Int’l Court of Justice Review of Gaza ‘Proves Many Haven’t Learned Anything from Holocaust’

Israeli President Herzog showing copy of Arabic “Mein Kampf” used by Hamas. Illustrative. Photo courtesy of President’s Spokesperson.

On the eve of International Holocaust Remembrance Day, the International Court of Justice at the Hague (ICJ) heard accusations from South Africa alleging Israel was committing genocide against Palestinians in Gaza. The disturbing double irony, both in the timing and the claims against Israel’s war of self-defense after Hamas attempted to commit an act of genocide against Israelis, were not lost on Israel. They were appalled by it.

“There is no greater absurdity than what occurred yesterday, on the eve of International Holocaust Remembrance Day,” said Israeli Prime Minister Benjamin Netanyahu on Saturday night. “There were those who came to The Hague to—falsely and outrageously—accuse us of genocide. On whose behalf did they come? On behalf of Hamas, the ‘new Nazis’, who came to perpetrate genocide against us.

“…I must tell you, the very willingness in The Hague to discuss this ridiculous claim, the very fact that it was not rejected outright, proves that many in the world have not learned anything from the Holocaust. But we have learned from it.”

Israel’s war in Gaza follows the horrific attacks by Hamas against Israel on October 7, in which 1,200 Israelis—most of them civilians—were murdered, and hundreds taken captive. It marked the most brutal stage of Hamas’ ongoing effort to destroy the State of Israel, following years of off and on conflict and terror attacks.

Netanyahu, whose comments were translated from Hebrew, backed up his claim of calling Hamas the “new Nazis”: The Gaza Strip terror group studies the original ones.

“I hold here Hitler’s book ‘Mein Kampf’ in Arabic.

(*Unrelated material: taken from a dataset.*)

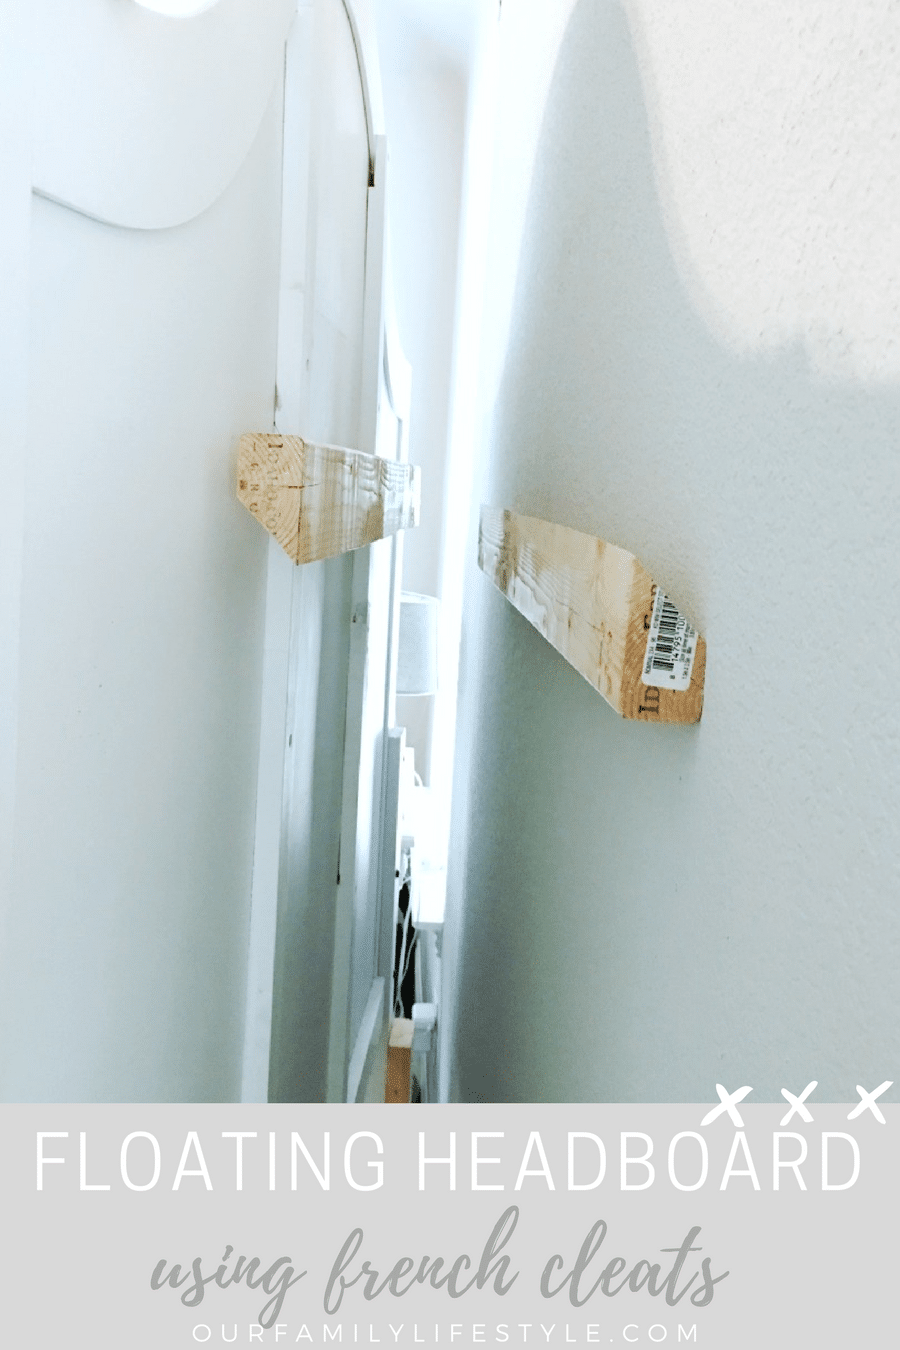 Headboard To The Wall Using French Cleats, How To Mount A Headboard The Wall Hardware

Our fighters found this book in civilians’ homes in the Gaza Strip. They found extensive antisemitic and Nazi literature there. This is what they educate their children on,” said Netanyahu.

Israeli President Isaac Herzog also was deeply troubled by the ICJ’s review of Israel. “The very fact that the hearing at the court in The Hague was held on the eve of International Holocaust Memorial Day, to judge whether the democratic, moral, and responsible State of Israel, which rose from the ashes of the Holocaust with the overwhelming support of the family of nations and its institutions was guilty of committing genocide, is a blood libel that undermines the very values on which this court was established,” said Herzog on Sunday in comments published by his office.

While the Hague took into consideration the South African case against Israel, it chose not to accept all of South Africa’s positions in their request for provisionary measures as the overall case is being reviewed—which included an immediate ceasefire. Instead, the ICJ called upon Israel to “take all measures within its power to prevent” acts of genocide against Palestinians in Gaza enable the provision of humanitarian aid to Gazans, among other orders, which were published to the ICJ’s website. The order concludes with a demand for Israel to report back on these matters in a month.

Herzog, in his comments, underscored that Israel does not view innocents in Gaza as military targets, and contrasted that with Hamas’ actions against their own people.

“To be clear: The State of Israel sees great importance in the humanitarian aspect of the campaign. Israel is committed to this, and operates, as it has always operated and will operate, in accordance with international law,” said Herzog. “…Hamas is also responsible for the suffering of their own people. Often quite directly—when they threaten their lives, forcefully taking humanitarian aid facilitate by Israel, and using them as a human shield.”

The Israeli President reminded the world that regarding Israel, Hamas “didn’t just declare their desire to wipe from face of the earth, but actually set out on a brutal massacre to destroy—and is still working hard to do so.” He said that Israel’s “full right to self-defense” is a “right anchored in the most essential foundations of international law, and in general, everyone with sense can see that Israel is acting in accordance with international law.”

As for Israel’s right to self-defense, that was a key lesson that the Jewish people learned from the Holocaust. “The main lesson of the Holocaust is that only we will defend ourselves by ourselves. Nobody will do this for us,” said Netanyahu. “…The state of the Jews arose from the ashes of the Holocaust in order to promise a defensive shield for the Jewish people. Israel, like every sovereign country, has the basic right to defend itself. Nobody will take this right from us and nobody will stop us from implementing it.”

The main message repeated about the Holocaust is “Never Again.” Netanyahu has the same goal for October 7. “If we do not eliminate the Hamas terrorists, these ‘new Nazis’, the next massacre is only a matter of time,” he said. “Therefore, we are determined to finish the task, to eliminate Hamas. And if it takes time, we will not relent in the mission.”